» Task to carry out
Your task is to return exactly the lines that run from the one containing "ocltint.dll 文件丢失？。 适用于" through the end of the listing below, without any pictures.

» Data provided
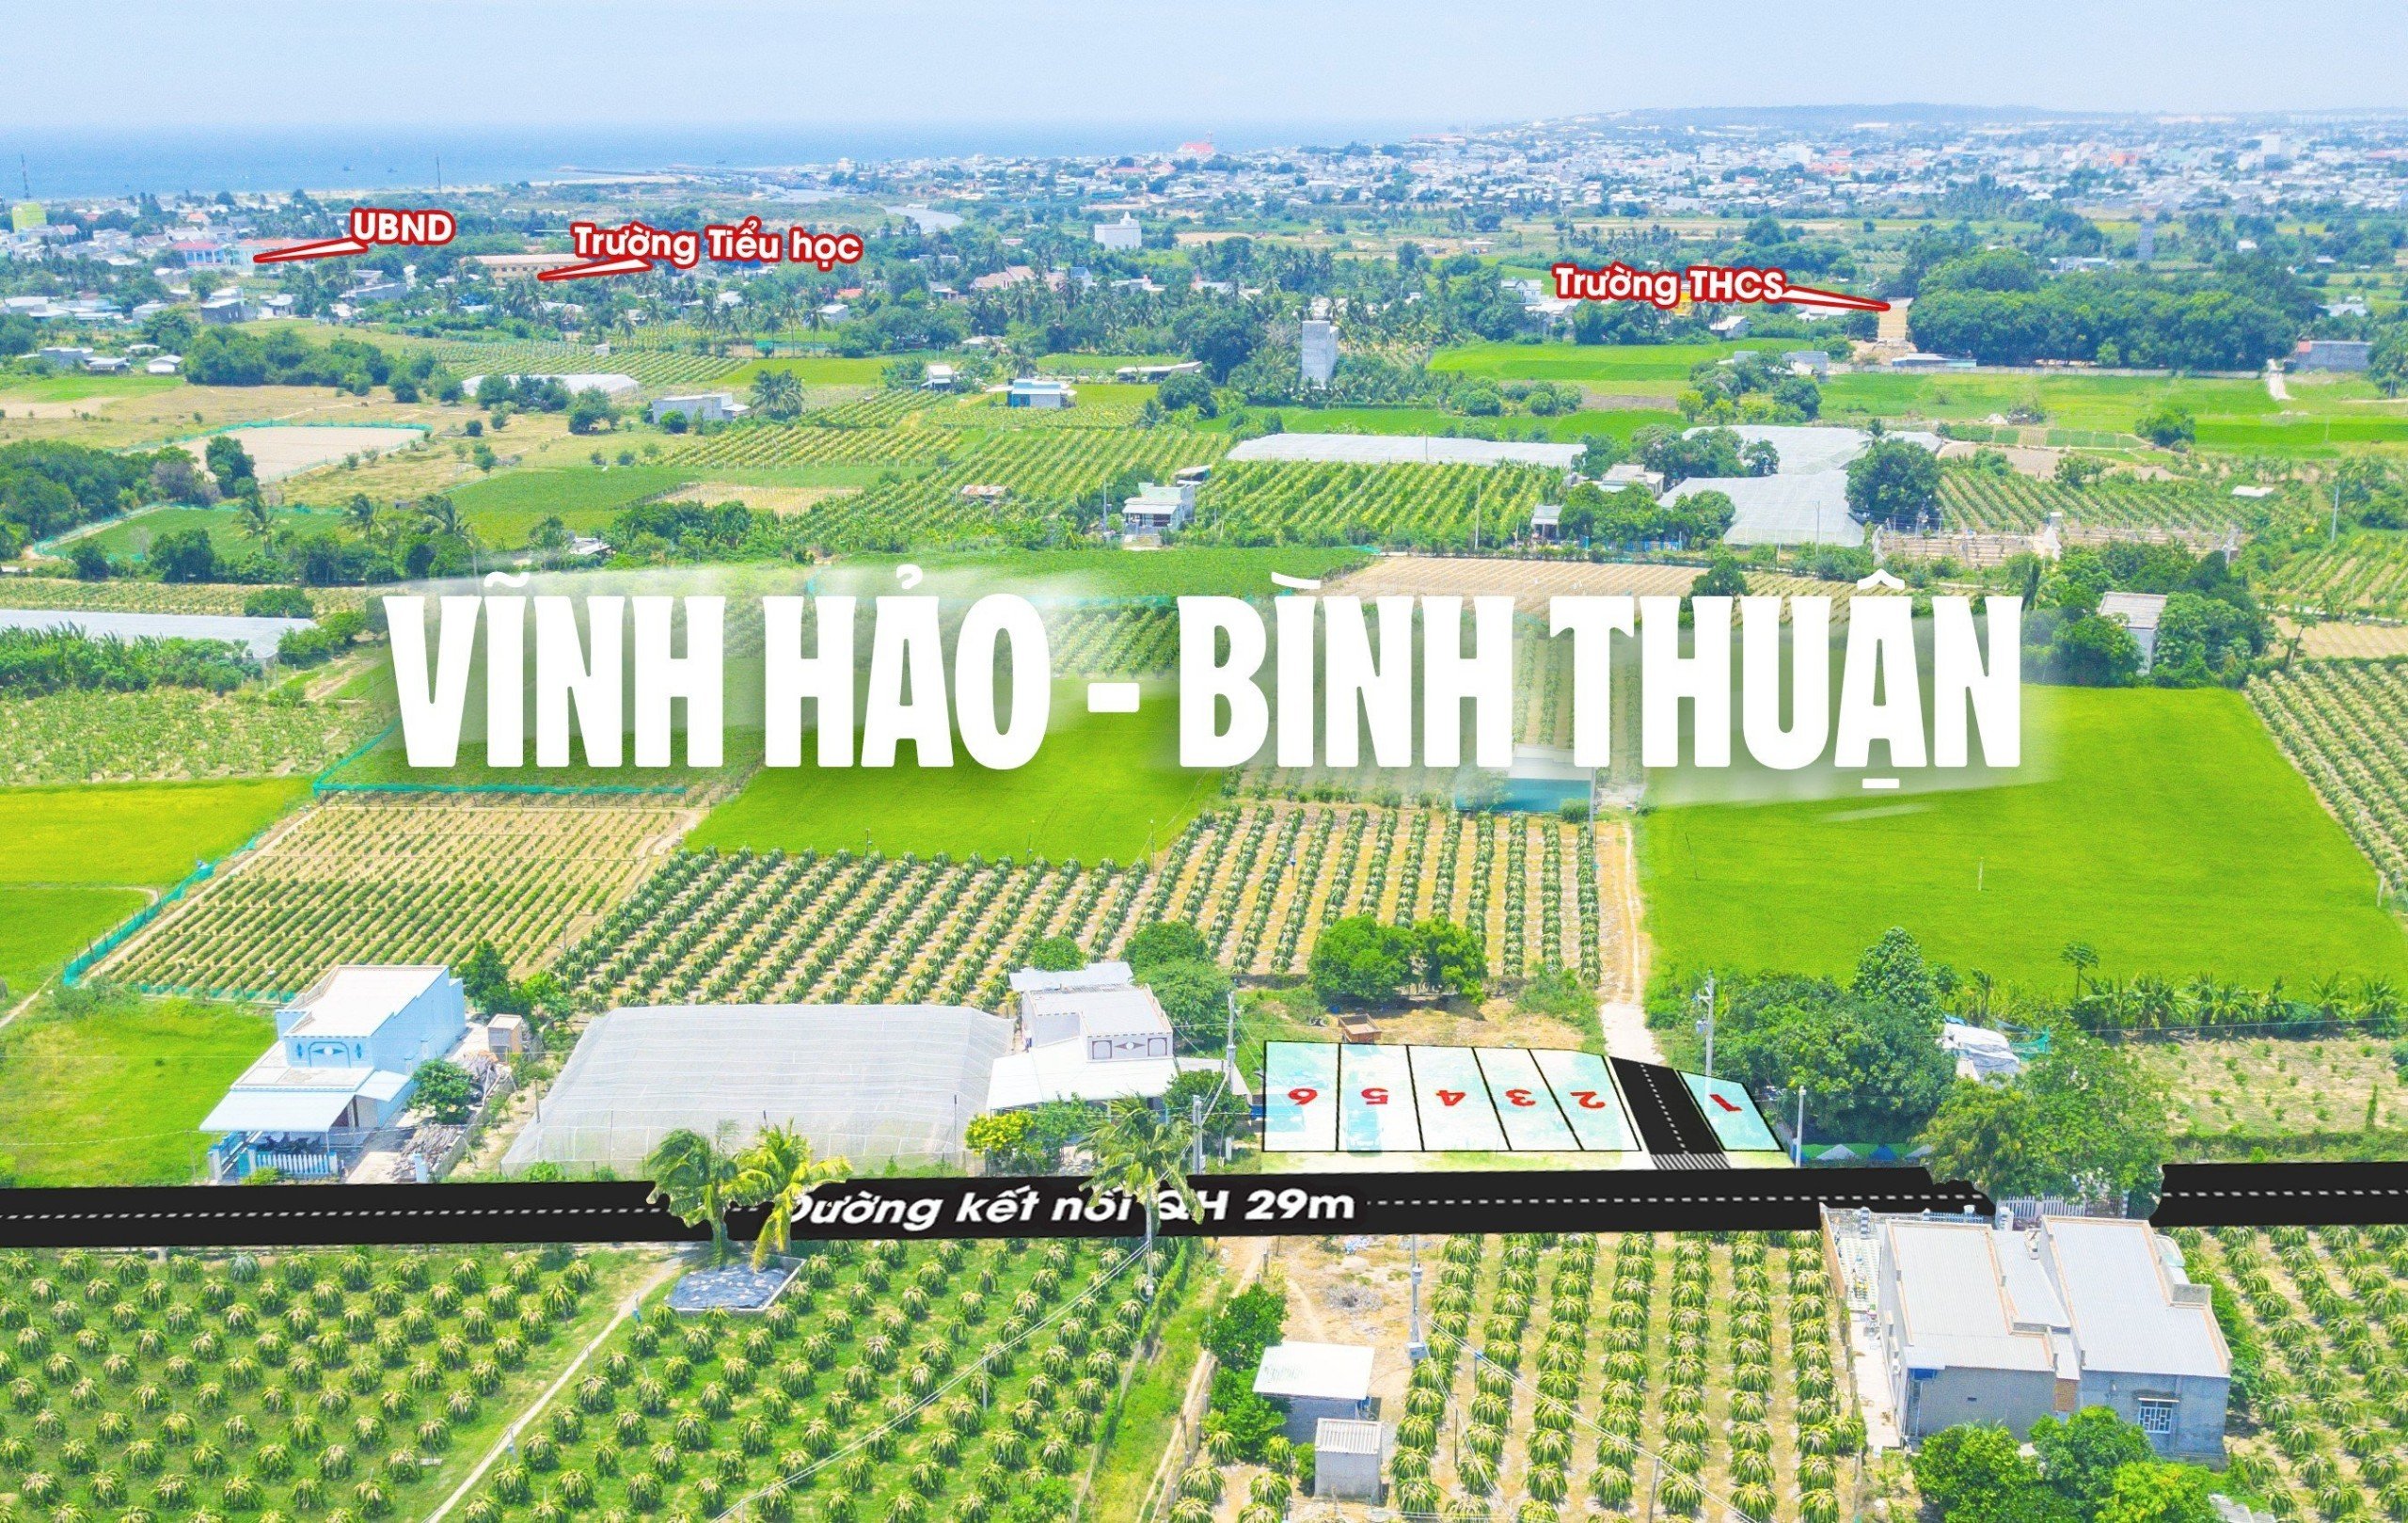 Đón đầu siêu hạ tầng - Đất biển Bình Thuận kết nối nhanh sân bay Phan Thiết
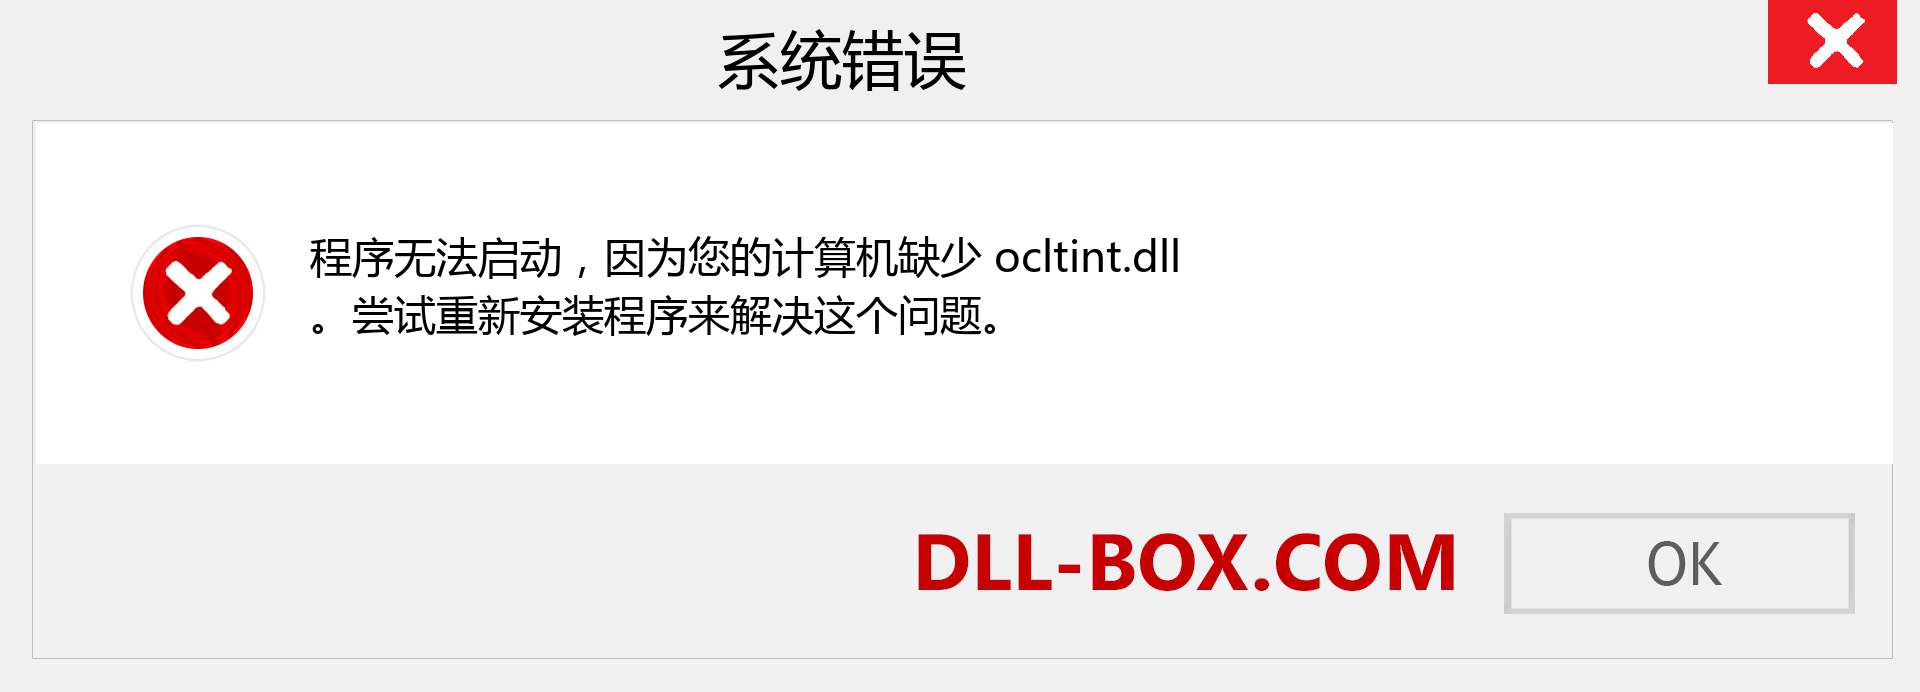 ocltint.dll 文件丢失？。 适用于 Windows 7、8、10 的下载 - 修复 Windows、照片、图像上的 ocltint dll 丢失错误
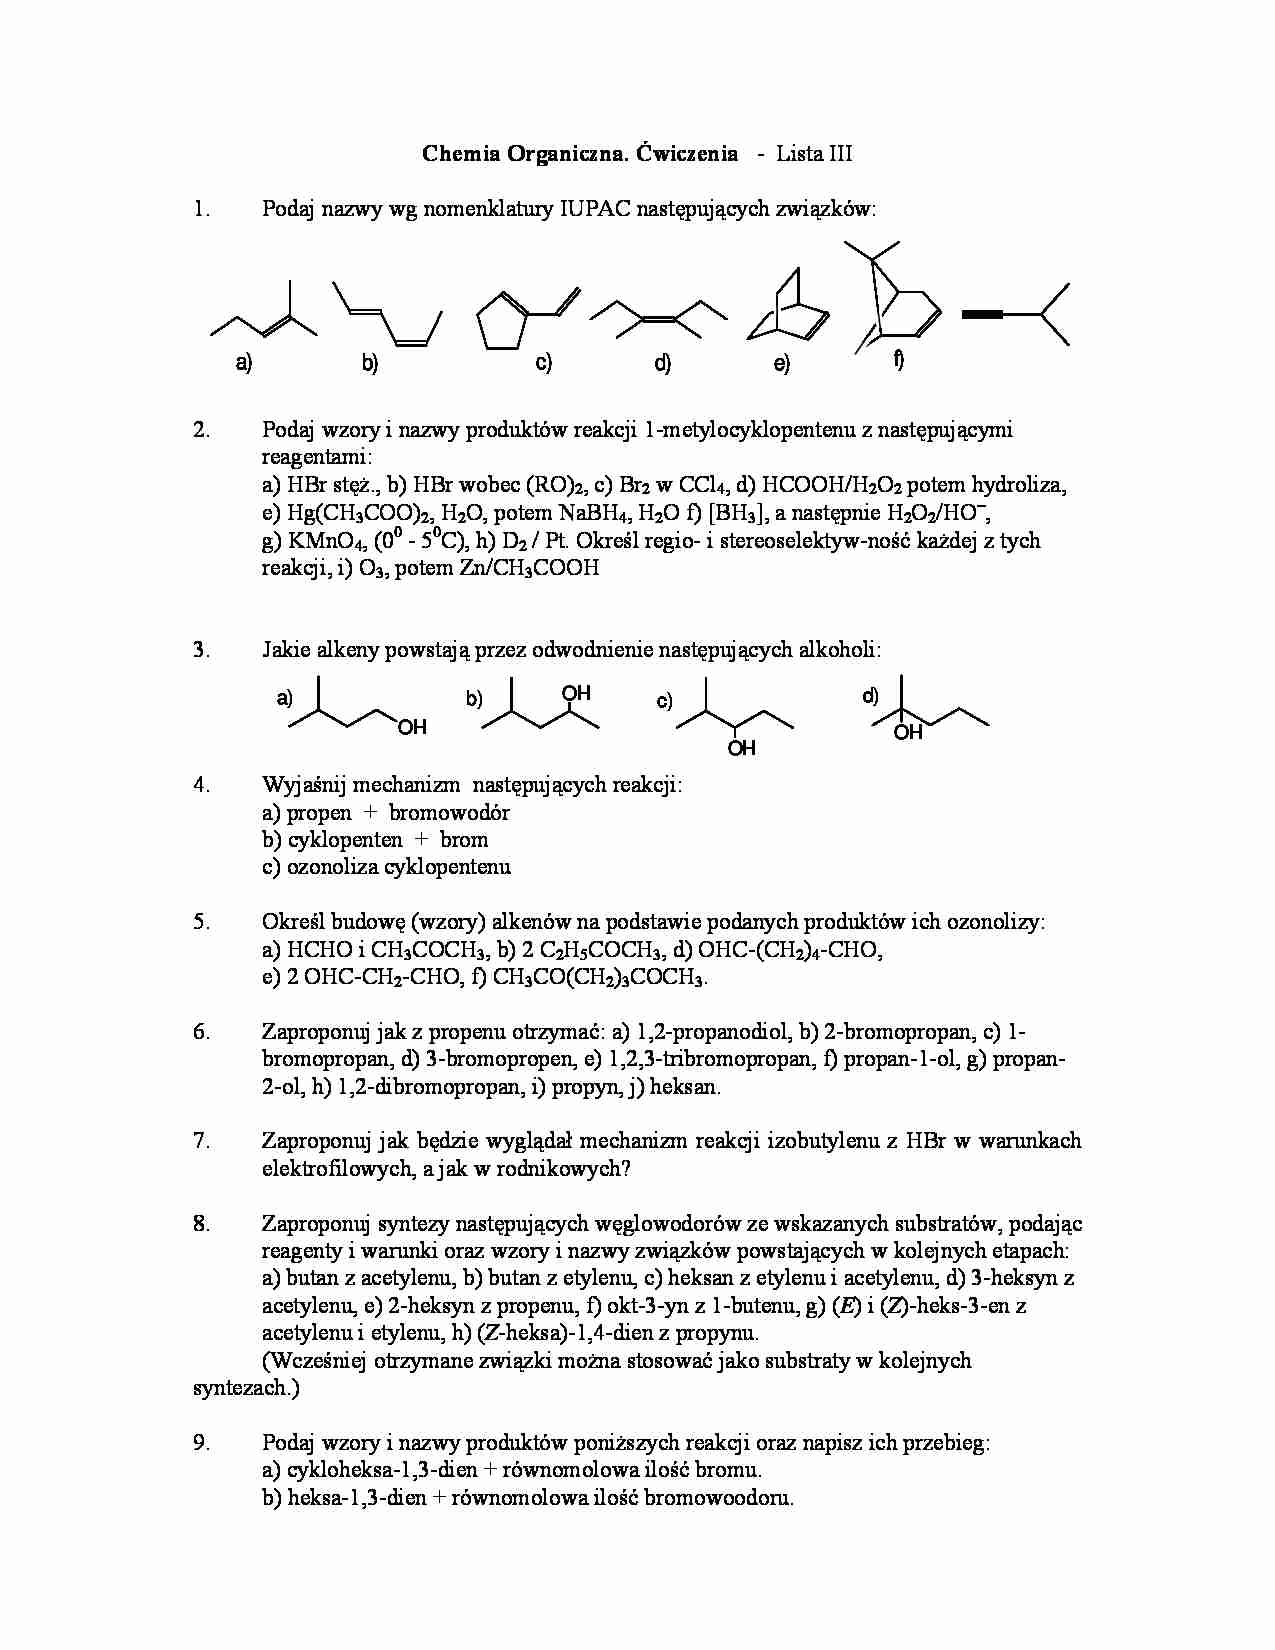 Chemia organiczna - ćwiczenia, lista III - strona 1

» Result for this task
 ocltint.dll 文件丢失？。 适用于 Windows 7、8、10 的下载 - 修复 Windows、照片、图像上的 ocltint dll 丢失错误
 Chemia organiczna - ćwiczenia, lista III - strona 1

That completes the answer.